Dynamic modeling of alkaline water electrolysis cell with consideration of two-phase bubble transport for renewables dedicated operation

A one-dimensional dynamic model has been developed to analyze the dynamic characteristics of alkaline water electrolysis (AWE) in response to variable load changes. In the model, the control volume is discretized in a perpendicular direction according to the general zero-gap alkaline water electrolysis cell configuration. Dynamic conservation equations are applied to resolve the mass and energy balances. Each control volume is configured with individual and localized properties and is associated with adjacent control volumes to model the entire cell assembly. The model effectively simulates observed experimental data, especially the cell voltage dynamic response shape after changes to the current density. The validated model is used to investigate the influence of key physical factors on the dynamic cell voltage response.
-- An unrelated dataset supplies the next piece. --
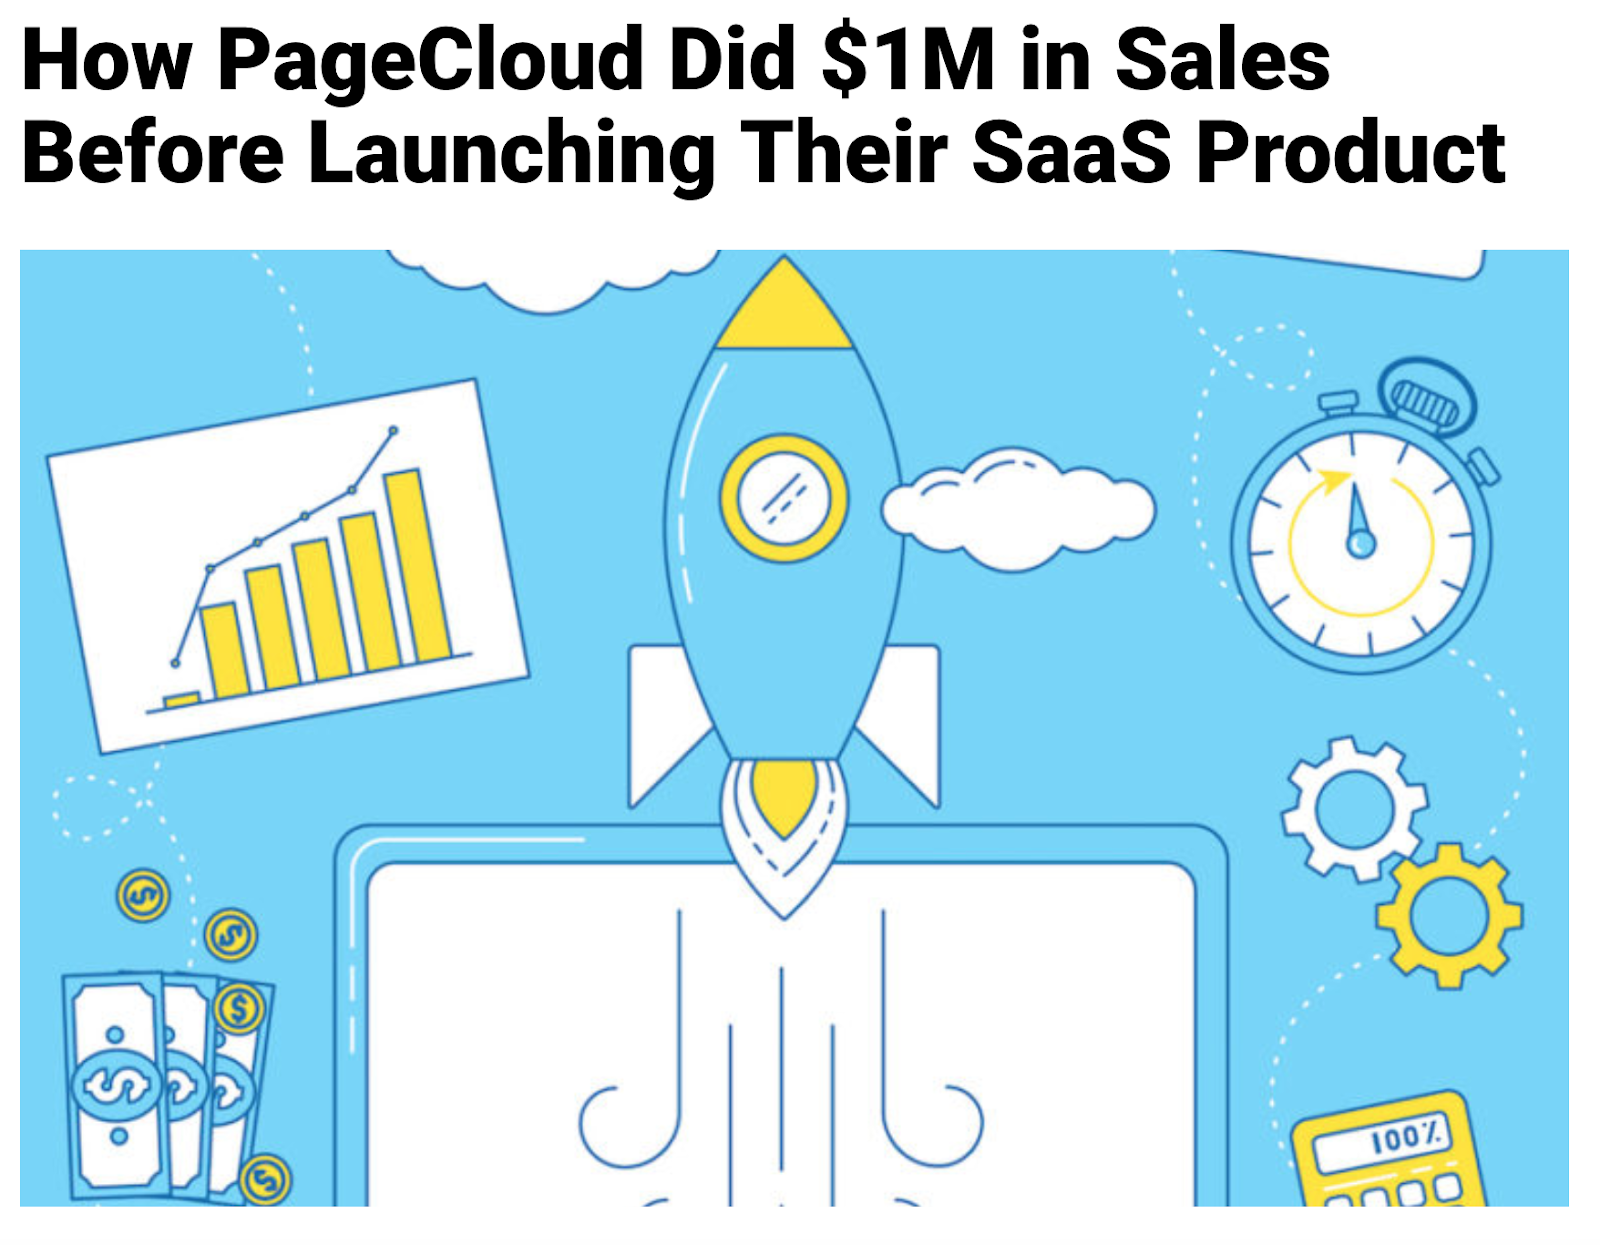 How PageCloud Did $1M in Sales Before Launching Their SaaS Product

The results reveal that the time delay caused by temperature changes is considerably longer than that induced by gas saturation, which stabilizes much more rapidly after a load change. Based on the parametric study, an operating condition control strategy for realizing dynamic stability is presented. The dynamic model developed in this original study has been demonstrated to be a useful tool for investigating the effect of inlet conditions and load changes. Moreover, it can contribute to the development of control strategies for enhancing green hydrogen production performance with fluctuating power sources.